Tag Archive for: Retinitis Pigmentosa

A glimpse into the world of Prof. Camiel Boon, ophthalmologist

“The eye is such a beautiful and marvelously small organ, a highly specialized instrument with which we can perceive our environment in all its beauty and complexity.”

Unfortunately, a lot can also go wrong with the eye. As an ophthalmologist, Prof. Dr. Camiel Boon focuses primarily on diseases of the retina, hereditary eye diseases, and microsurgical retinal operations. Camiel Boon is an ophthalmologist and professor of Ophthalmology at Amsterdam UMC and LUMC.

His strong motivation for conducting innovative scientific research stems from daily interactions with patients confronted with serious eye diseases. Prof. Boon says, “There are still too many eye diseases that we cannot treat effectively. That’s what my team and I are striving to change!”

Many patients diagnosed with Usher syndrome in the western part of our country visit ophthalmologist Camiel Boon and his team for biennial check-ups or treatment for eye problems. A treatment to halt the progression of vision loss in Usher syndrome is not yet available. But there are hopeful developments!
It’s time to ask Prof. Boon about his work, his scientific research, and the future innovative treatments for Usher syndrome.

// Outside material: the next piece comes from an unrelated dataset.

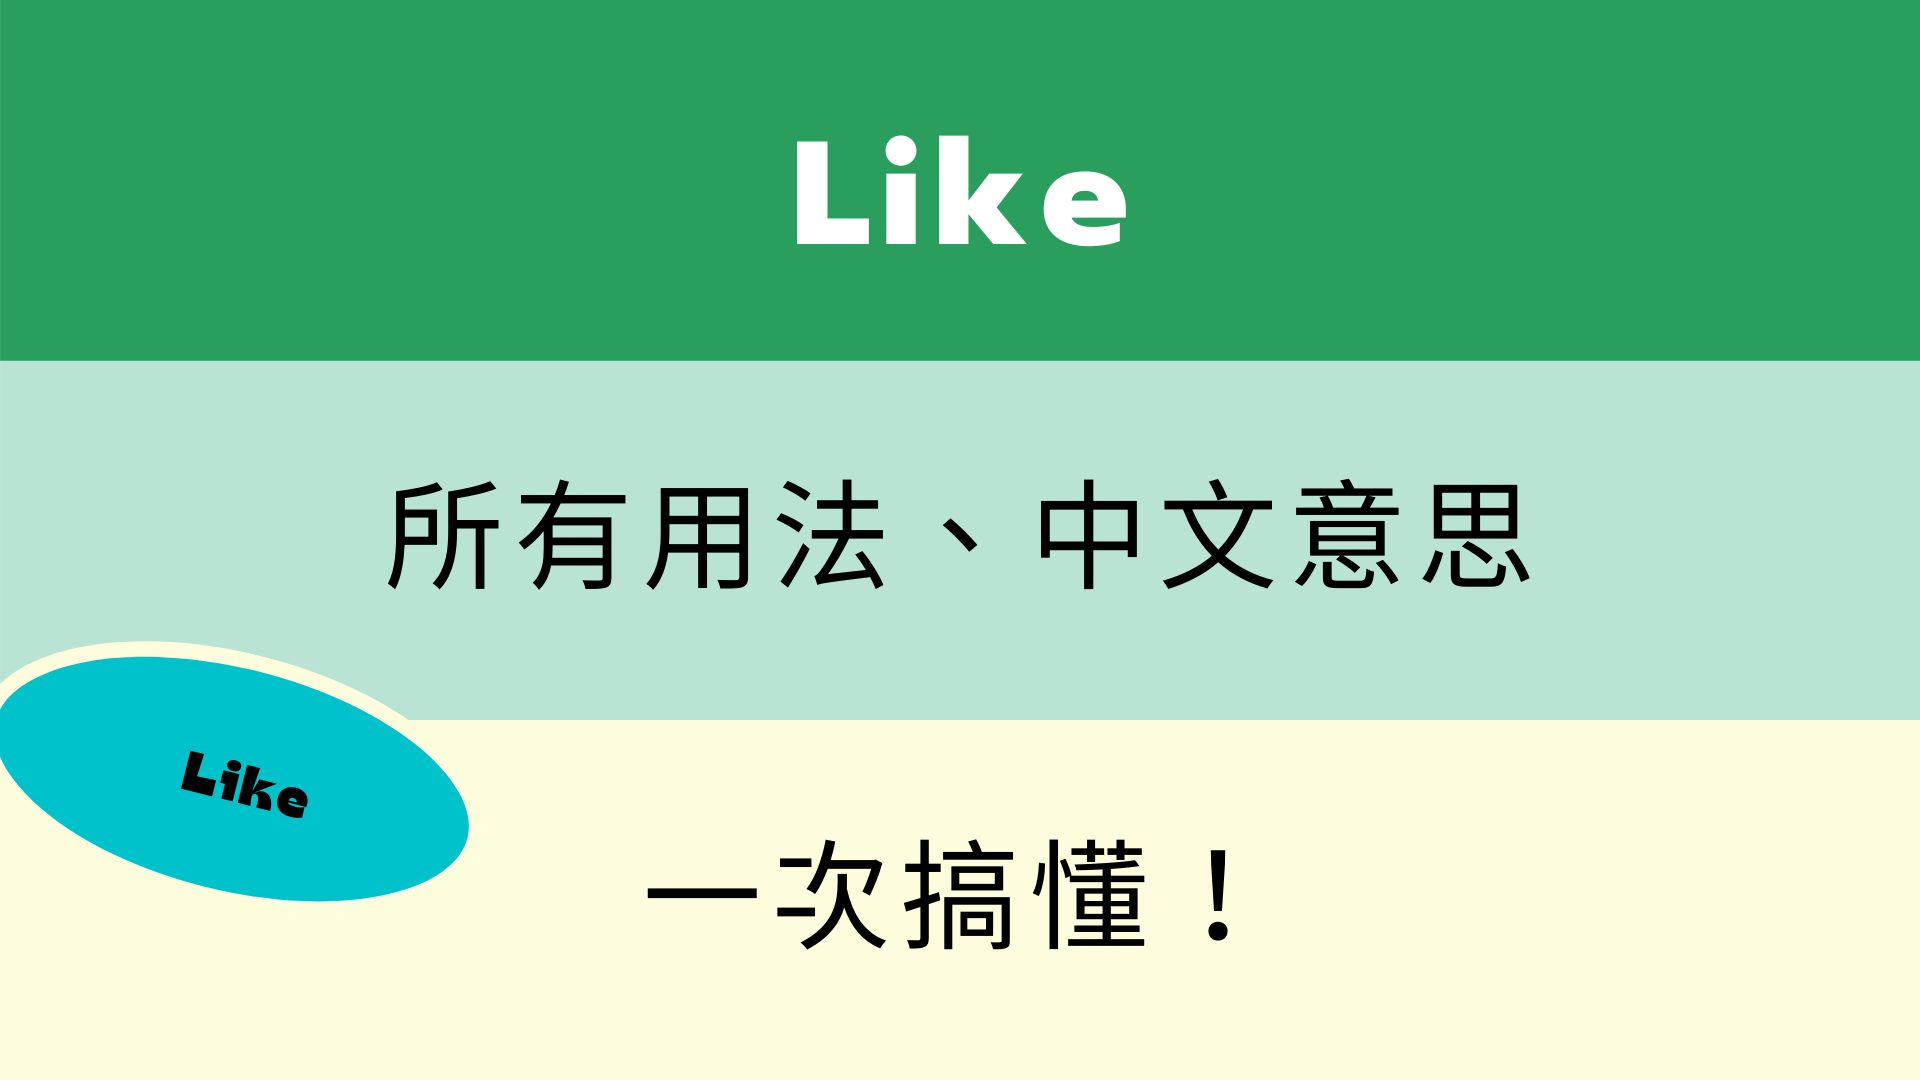 英文like 各種用法與中文意思 看例句一次搞懂 全民學英文

Ophthalmologist Prof. Camiel Boon and Prof. Dr. Arthur Bergen in the laboratory of AmsterdamUMC ©Mark Horn

Hope for the future: pioneering in gene therapy
Prof. Camiel Boon trained as an ophthalmologist and earned his Ph.D. (cum laude, on a dissertation about hereditary retinal disorders, 2009) at Radboudumc in Nijmegen. As an ophthalmologist and now a professor, he conducts research on genetic retinal diseases, such as retinitis pigmentosa (RP), also in the context of Usher syndrome, at Amsterdam University Medical Centers (and part-time at Leiden University Medical Center). He sees patients at Amsterdam UMC, which has been designated as an expert center by the Dutch Federation of Universities and the European Network for Rare Eye Diseases. The gene therapy that Camiel is working on with the laboratory of Prof. Dr. Arthur Bergen (also at Amsterdam UMC) and Dr. Jan Wijnholds (LUMC) could potentially help prevent blindness in the future.

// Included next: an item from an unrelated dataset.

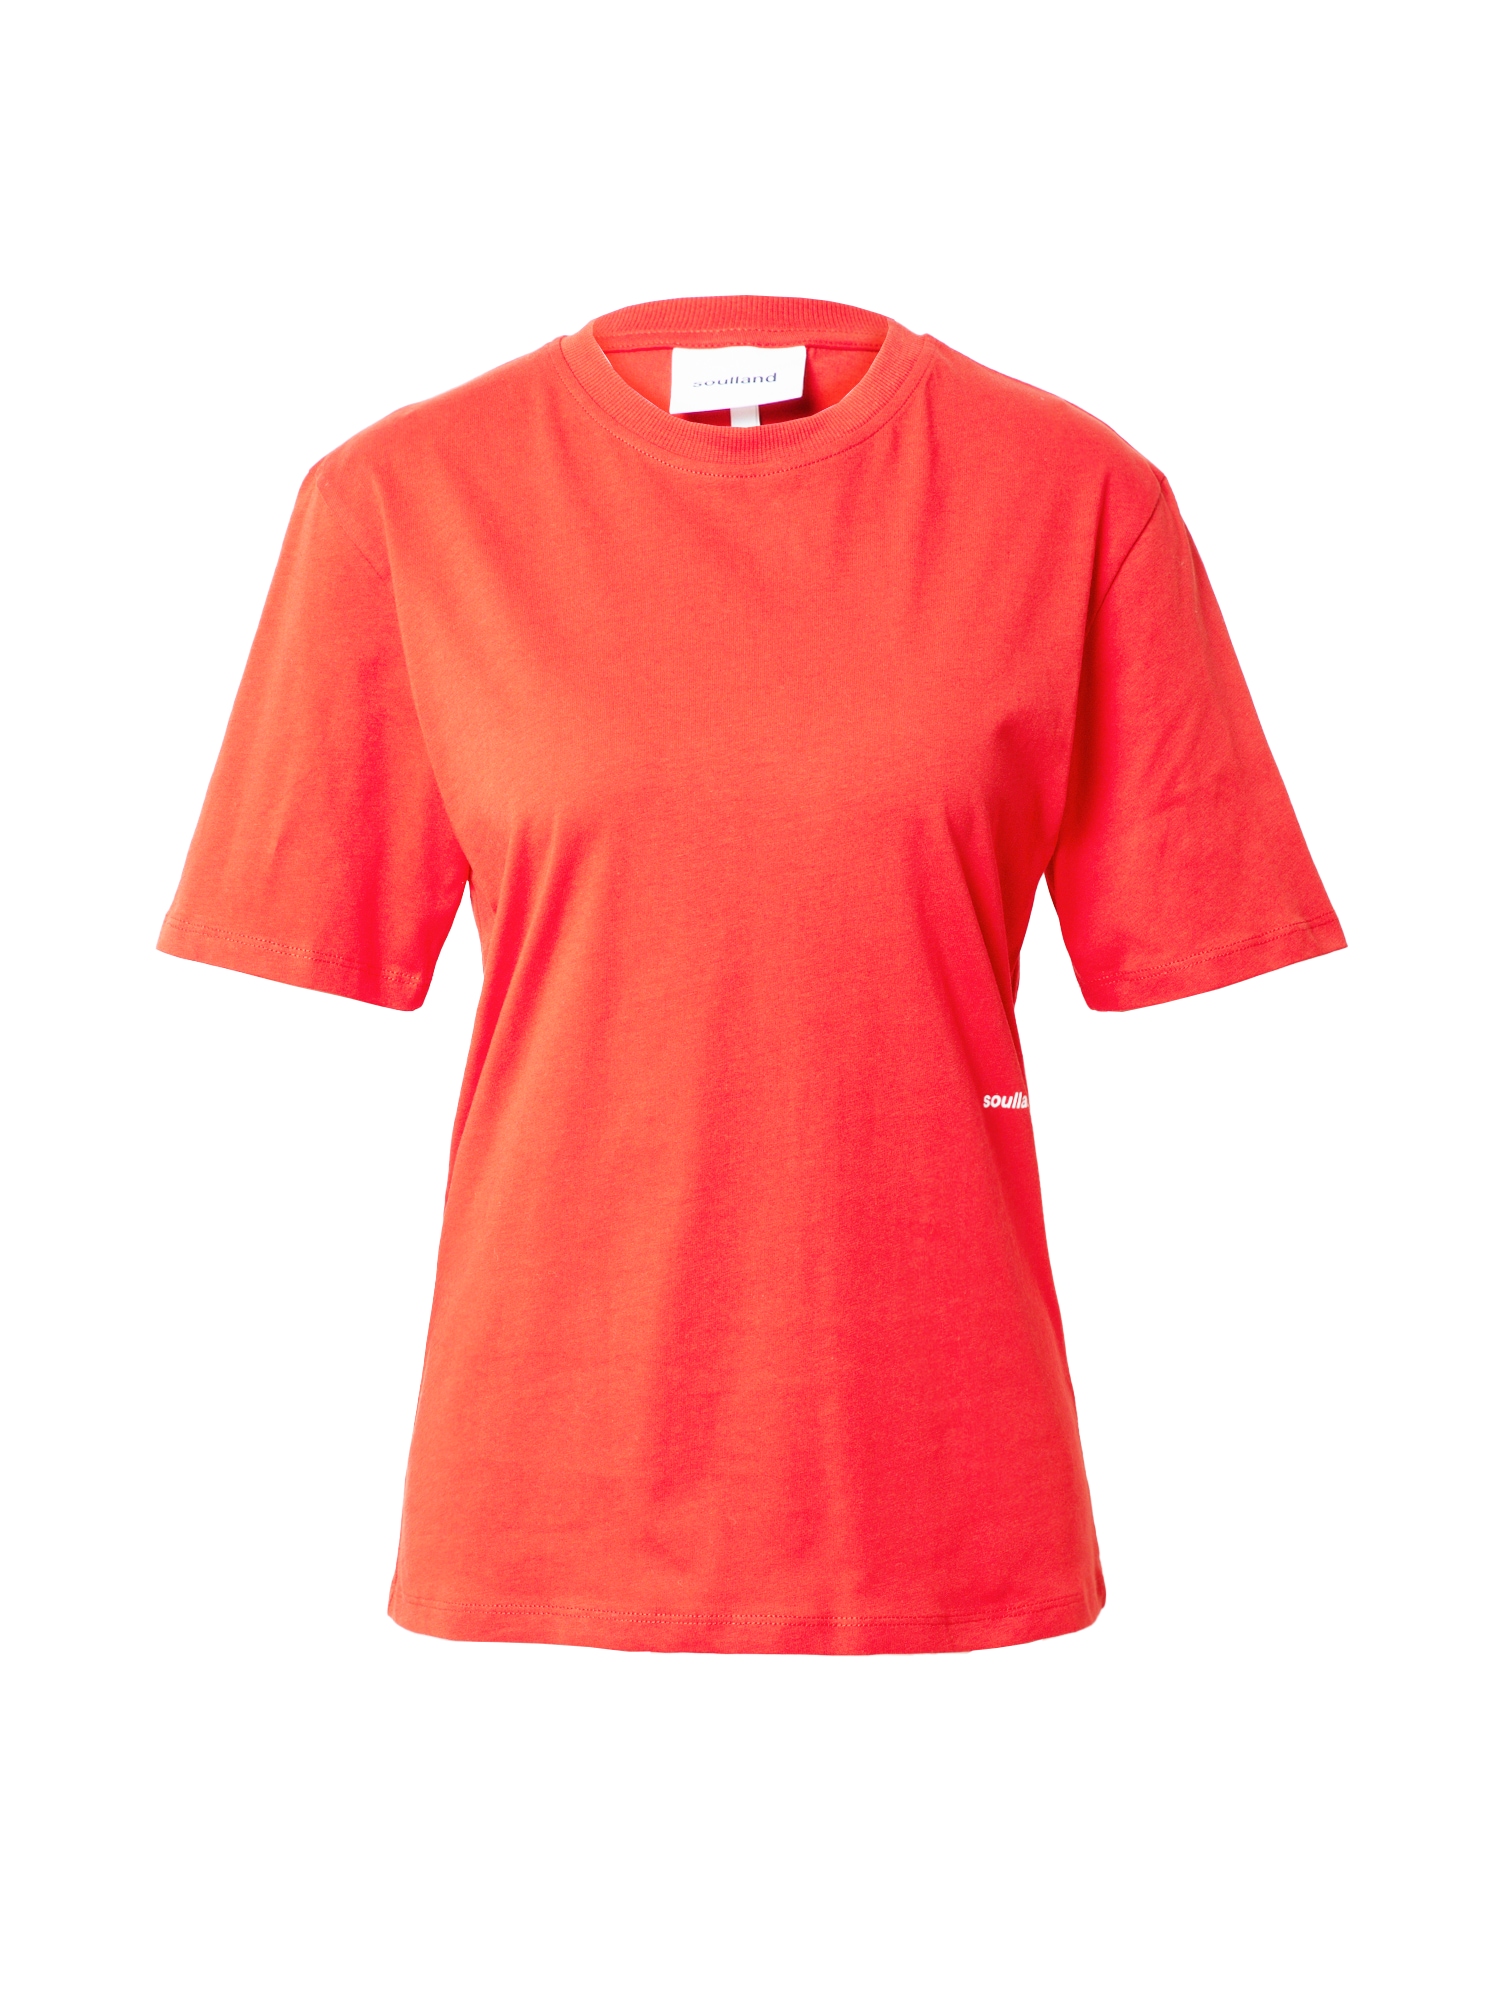 Soulland Marškinėliai 'Cea' pastelinė raudona / balta

Viral envelopes or non-viral ‘nanoparticles’
Boon states, “At Amsterdam UMC, we are now treating people with a specific type of retinitis pigmentosa (RP) for the first time, which is X-linked and inherited due to a mutation in the RPGR gene. Together with Radboudumc, we are truly pioneering in this area.” Camiel Boon is the lead researcher of this study and the one performing these microsurgical interventions in Amsterdam. “It is a privilege to finally be able to offer potential treatment to the first patients and to carry out these procedures myself. But it is still truly a pioneering time, and we still need to thoroughly investigate whether these techniques are truly effective and safe.”

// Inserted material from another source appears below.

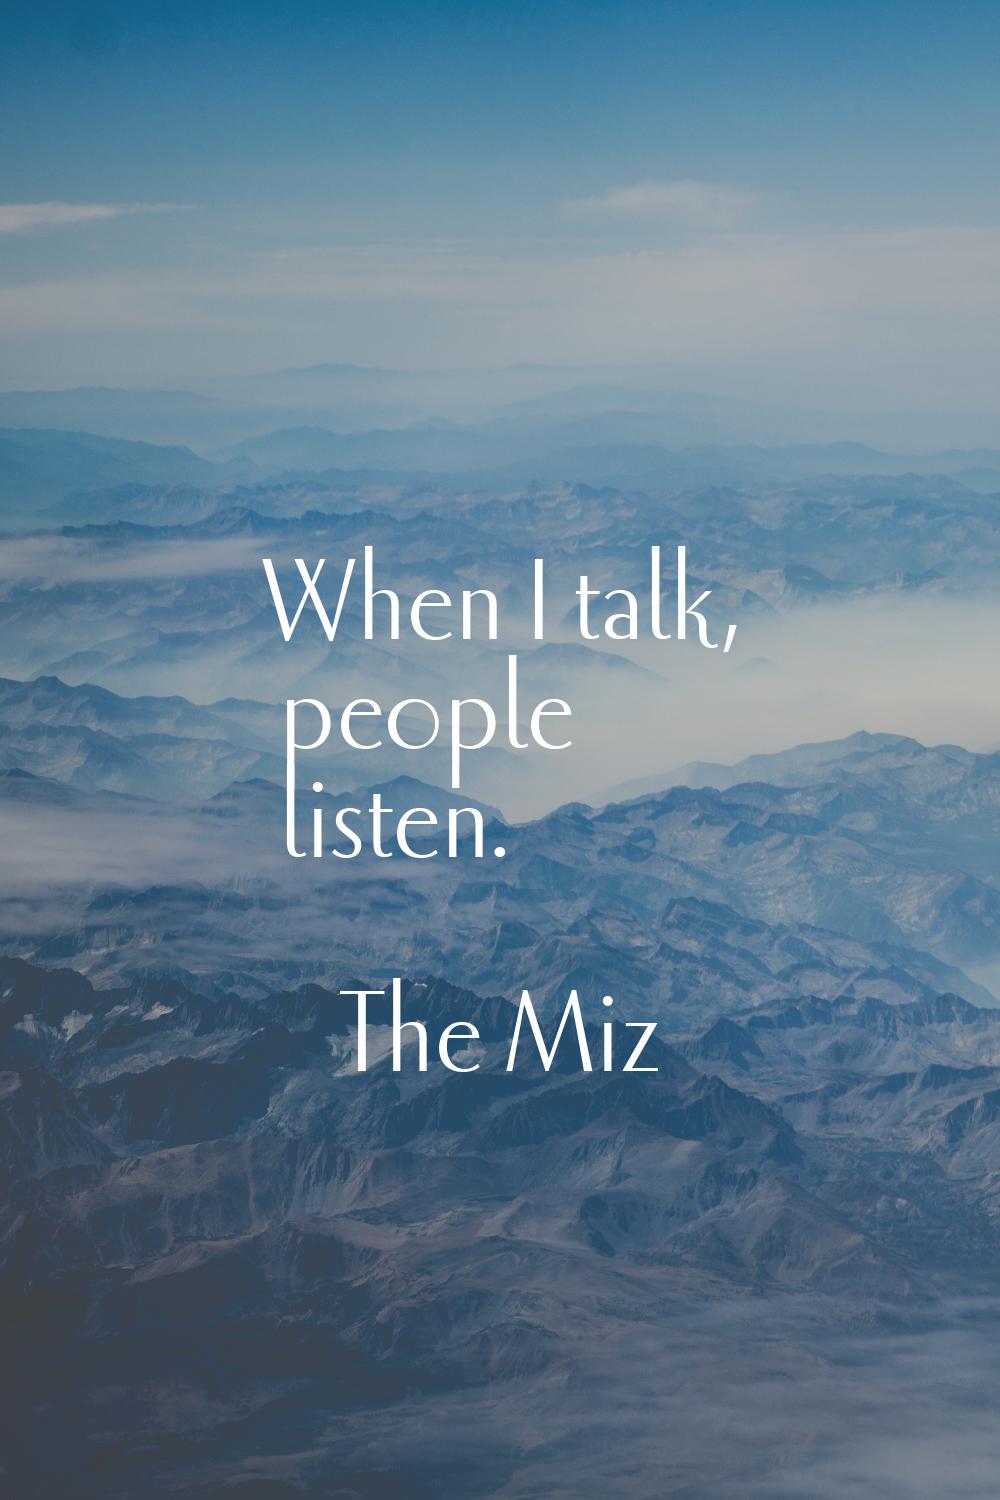 When I talk, people listen.

Gene therapy for hereditary retinal degeneration due to the RPE65 gene is already available and is reimbursed by insurers for some patients with this gene who qualify. Camiel Boon explains, “However, over the past 2 years, it has been found that a significant percentage of patients experience a very unpleasant and concerning complication, namely accelerated thinning of the retina. That is exactly what you don’t want.” Dr. Boon suggests that this may be because the gene therapy causes the newly administered gene to ‘overexpress,’ which is too much for the retina. But it could also be that the viral envelopes used to inject the gene under the retina cause inflammation and damage.

Boon says, “This indicates that much research still needs to be done on the safety and effectiveness of these brand-new techniques. It may be better not to use viral envelopes for this gene therapy. At Amsterdam UMC, we are researching the use of non-viral ‘nanoparticles,’ a type of lipid vesicles as carriers to deliver the genetic treatment to the retina.”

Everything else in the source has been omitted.